> [Task description]
Nothing but the lines from the one holding "Burgers with Barbecue" through the last line of the material below should be set down, exactly and without images.

> [Stored data]
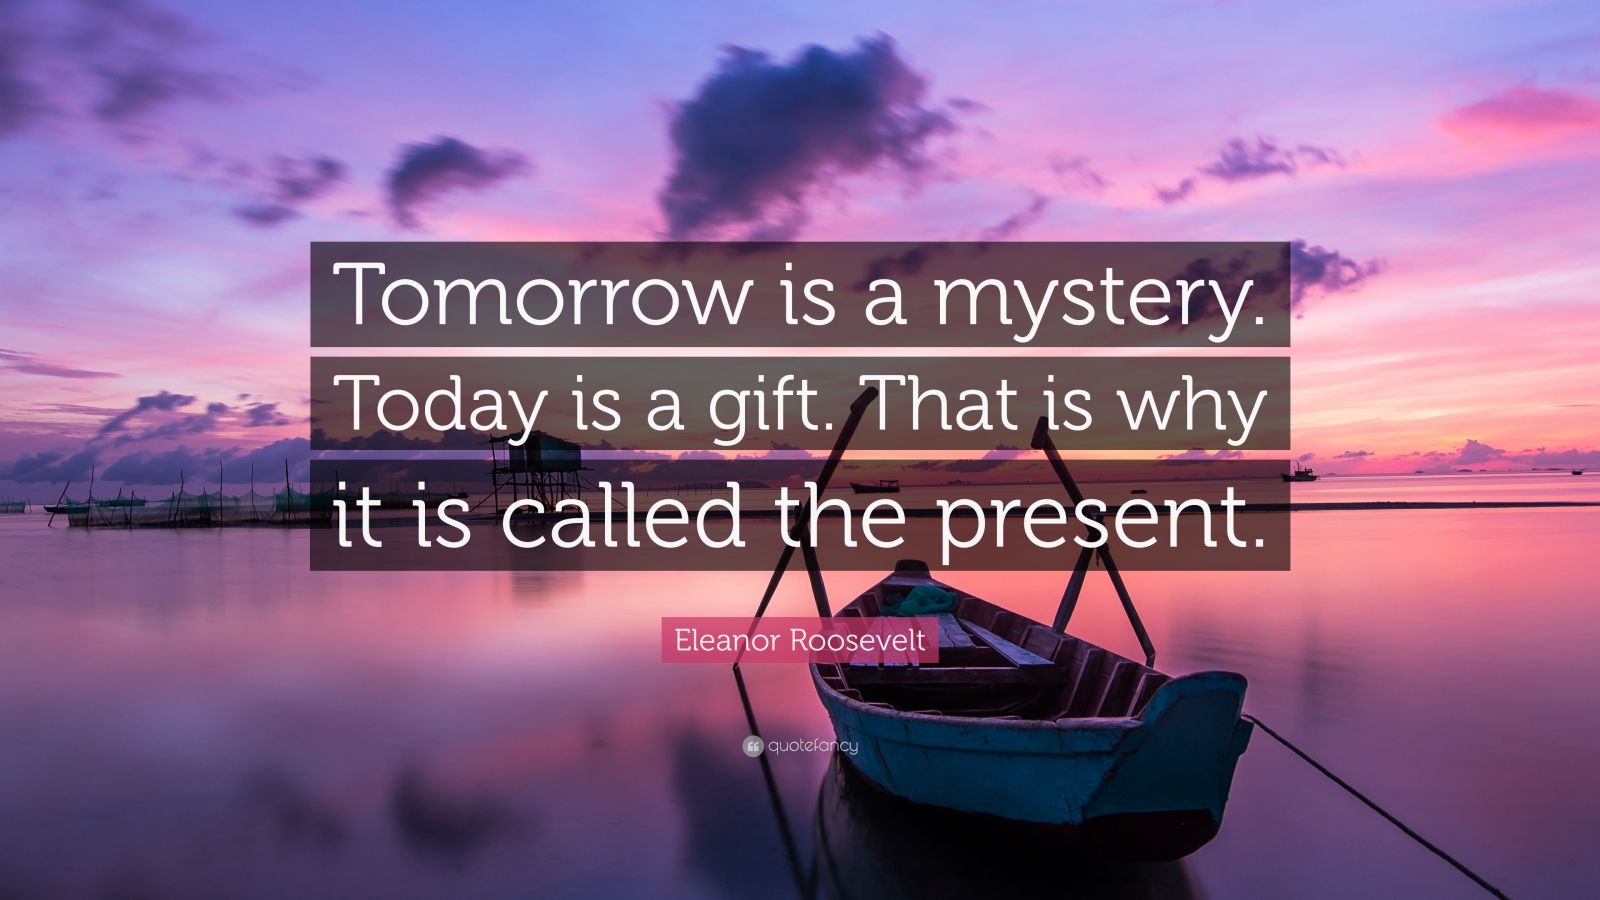 Eleanor Roosevelt Quote: “Tomorrow is a mystery. Today is a gift. That
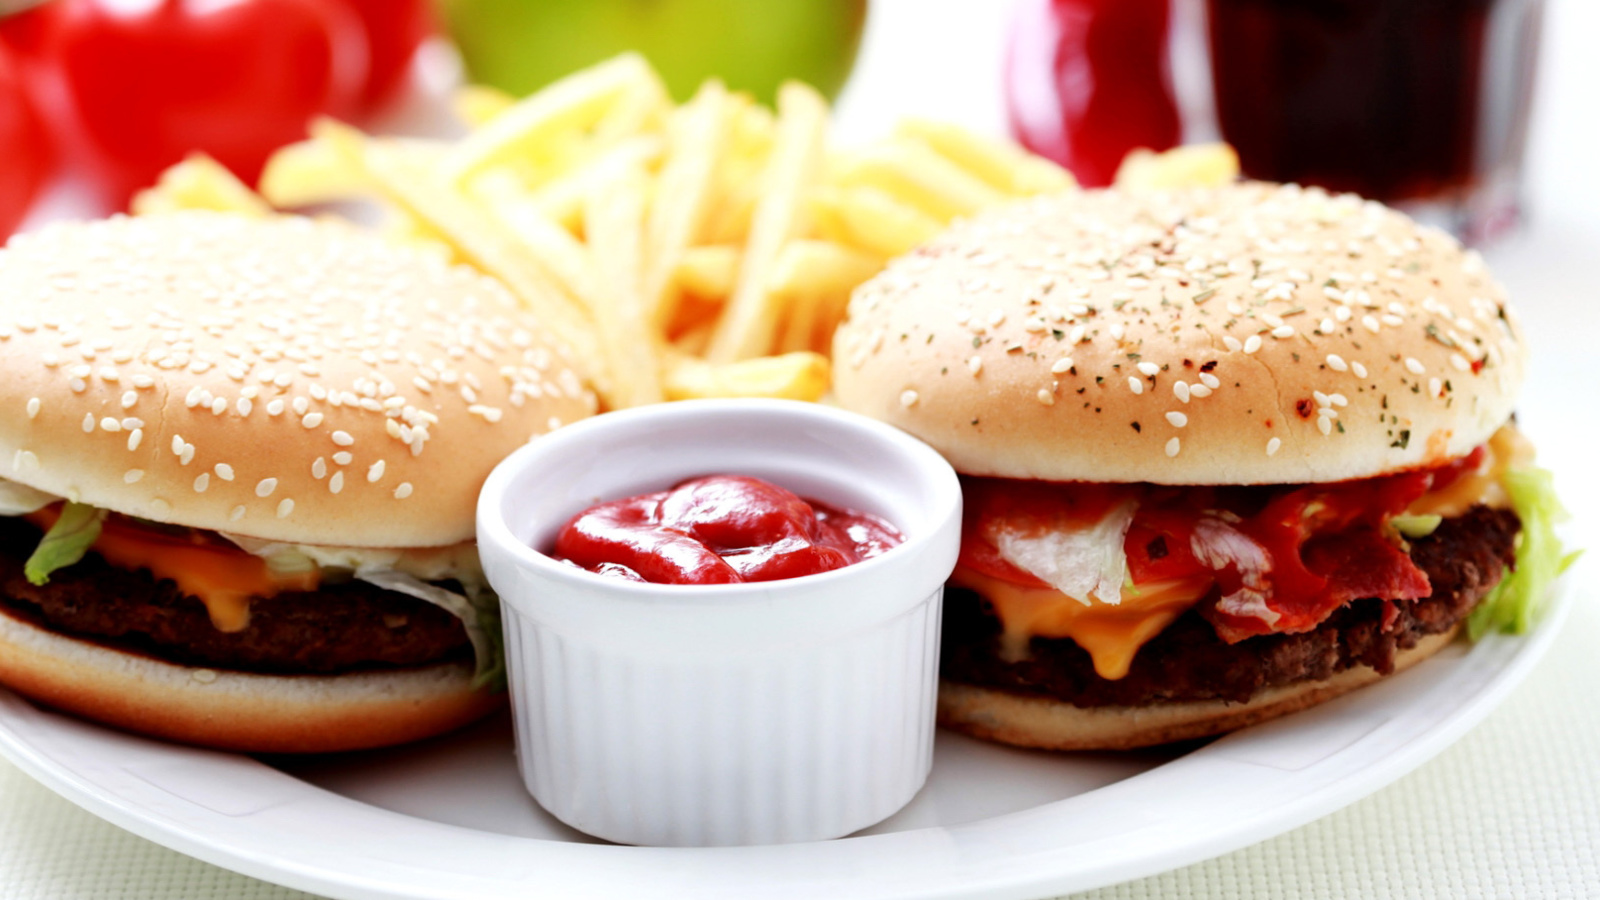 Burgers with Barbecue sauce wallpaper 1600x900
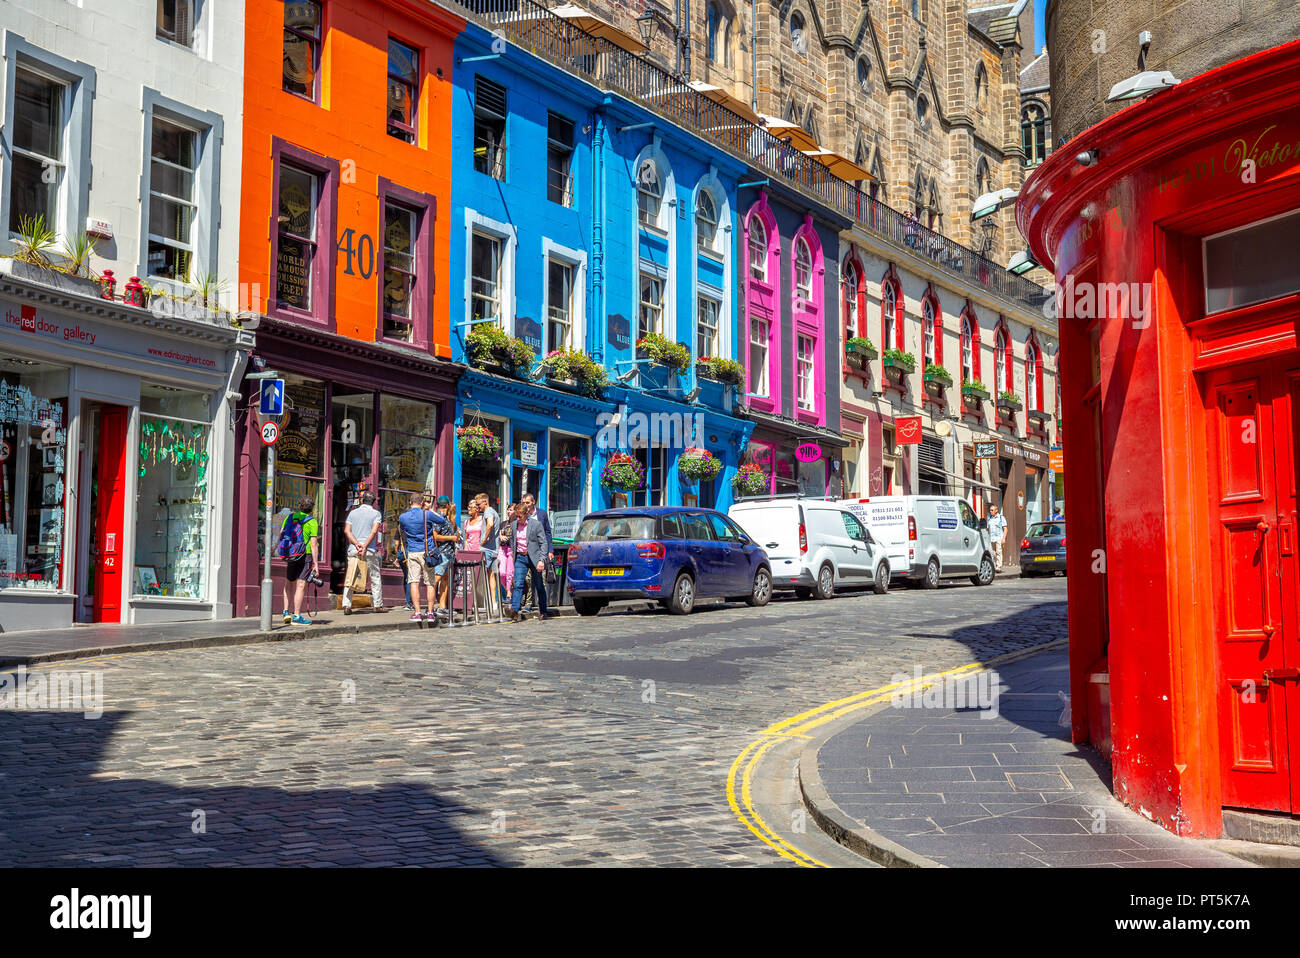 Edinburgh, UK - July 5, 2018: victoria street, built between 1829-34 as part of a series of improvements to the Old Town, with the aim of improving ac Stock Photo

> [Answer to this task]
 Burgers with Barbecue sauce wallpaper 1600x900
 Edinburgh, UK - July 5, 2018: victoria street, built between 1829-34 as part of a series of improvements to the Old Town, with the aim of improving ac Stock Photo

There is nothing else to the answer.